Louisiana: Converging Cultures
French and Spanish Louisiana was one of the most diverse and chaotic colonial settings on the North American continent. People of different cultures encountered one another on plantations, in markets, and in the uncharted swampland. The interactions among Europeans (mostly French and Spanish), Native Americans (mostly Natchez and Choctaw), and enslaved Africans (mostly Bambara, Fon, and Yoruba) shaped the territory. Enslaved Africans navigated these cultural crossings by establishing their own economy and resisting slavery.
Landscape of Slavery
The rich coastal wetlands of the Mississippi River Delta would have been a familiar landscape to west Africans, whose histories were steeped in long traditions of shipbuilding and river transport. Louisiana plantations sat in the cypress swamps, clustered in uncleared forest along the banks of the Mississippi. Enslaved people ran away, and neither enslavers nor overseers were eager to enter this difficult environment. Africans used their knowledge of complex riverways to their advantage, establishing trade with Europeans and Native Americans and even forming maroon communities.
Work in Louisiana
Before the American Revolution, French Louisiana had few cash crops. Yet this did not crush the desire to enslave people, including Africans and Native Americans. Enslaved Africans were present in every North American colony, with or without a plantation system. In Louisiana they cleared land, harvested wood, and grew food crops that their enslavers sold to the French Caribbean. Africans responded creatively to these circumstances and established their own markets. This bit of independence generated cash to purchase property and sometimes freedom.
Life in Louisiana
In French colonial Louisiana, Native Americans, Europeans, and Africans built a complex frontier society. An estimated five Inoca (or Illinois) tribes lived along the Mississippi River Valley in 1750, including the Chitimacha who hunted, fished, and farmed in Louisiana long before Europeans arrived in the area. In 1706 the French initiated a 12-year war with the Chitimacha and enslaved many men, women, and children. Shortly thereafter, French enslavers forced enslaved African people to the region connecting them with Native Americans all along the southwestern bayous. The two groups hunted together, traded, shared knowledge about the forest and fisheries, intermarried, and resisted enslavement. Enslaved Africans built an independent economy based on their trade with Native Americans.
Los Adaes, Louisiana
Los Adaes sat at the crossroads of Spanish, French, and Native American empires, allowing extensive trade networks to crisscross colonial Louisiana. It served as a vital military outpost connecting the Red River to Mexico City. Traversing river and road, the people of Los Adaes conducted illegal trade by crossing Caddo, Spanish, and French imperial boundaries. In places like Los Adaes, people of African descent moved within and between societies to secure a measure of freedom. The multicultural space required cultural dexterity for survival and to build alliances.

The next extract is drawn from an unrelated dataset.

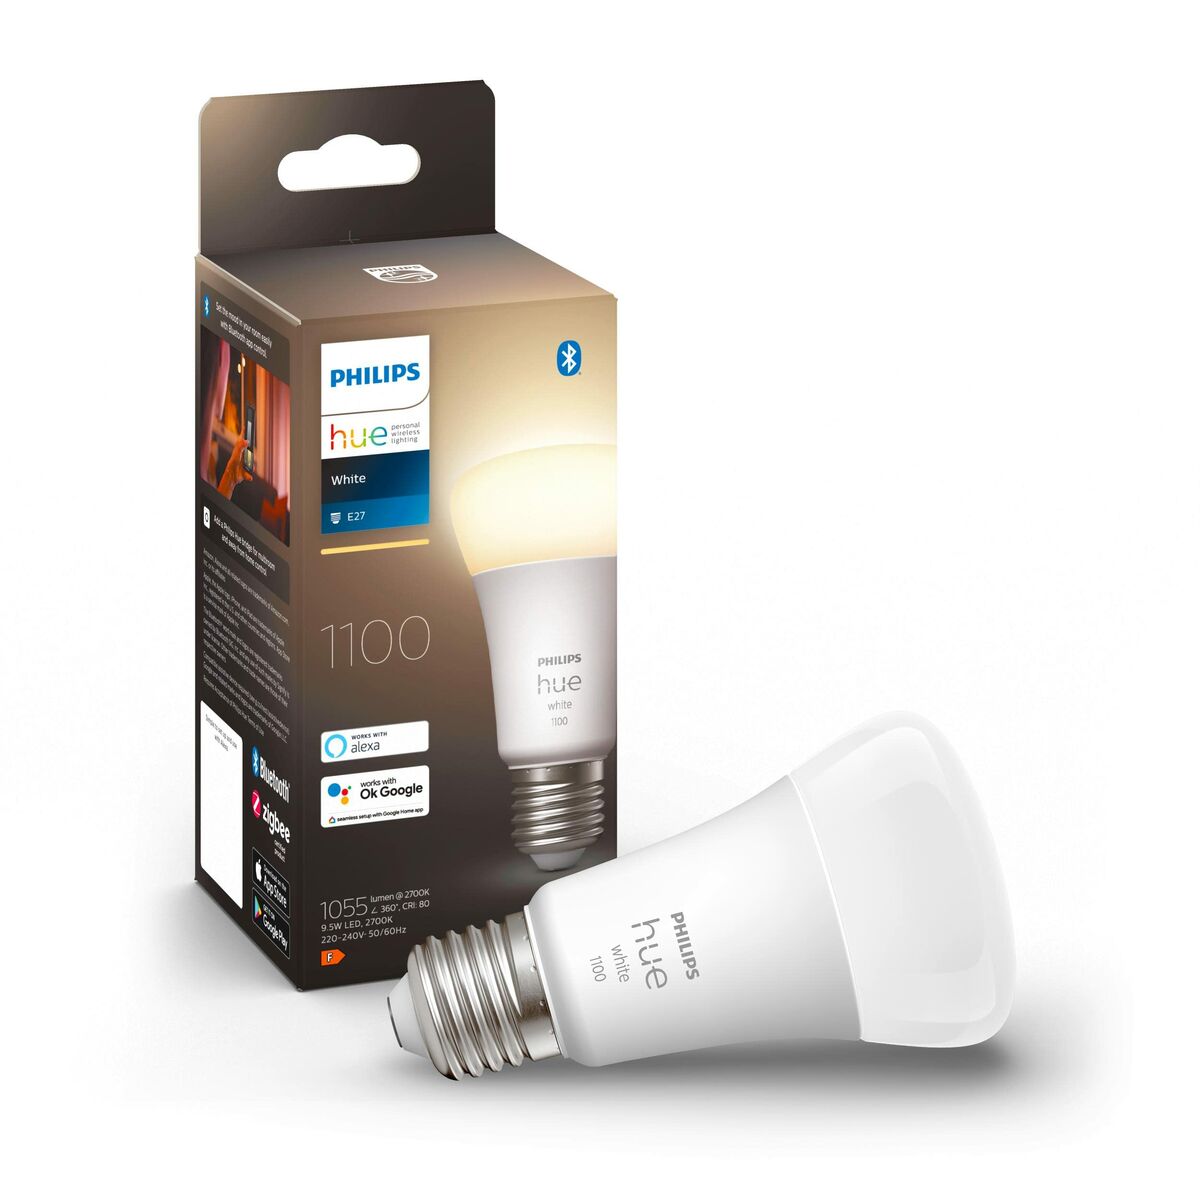 Smart Light bulb Philips E27 LED 9,5 W (Refurbished B)

Across all levels of society, people in colonial Louisiana had to rely upon one another. Largely cut off from European trade networks, communities of free and enslaved west Africans and Europeans had to sustain themselves. They learned hunting techniques from Native Americans and traded to their advantage. The artifacts shown here were recovered from Los Adaes.
It was not practiced and not the custom for the negroes to ask the permission of their masters for what they should do.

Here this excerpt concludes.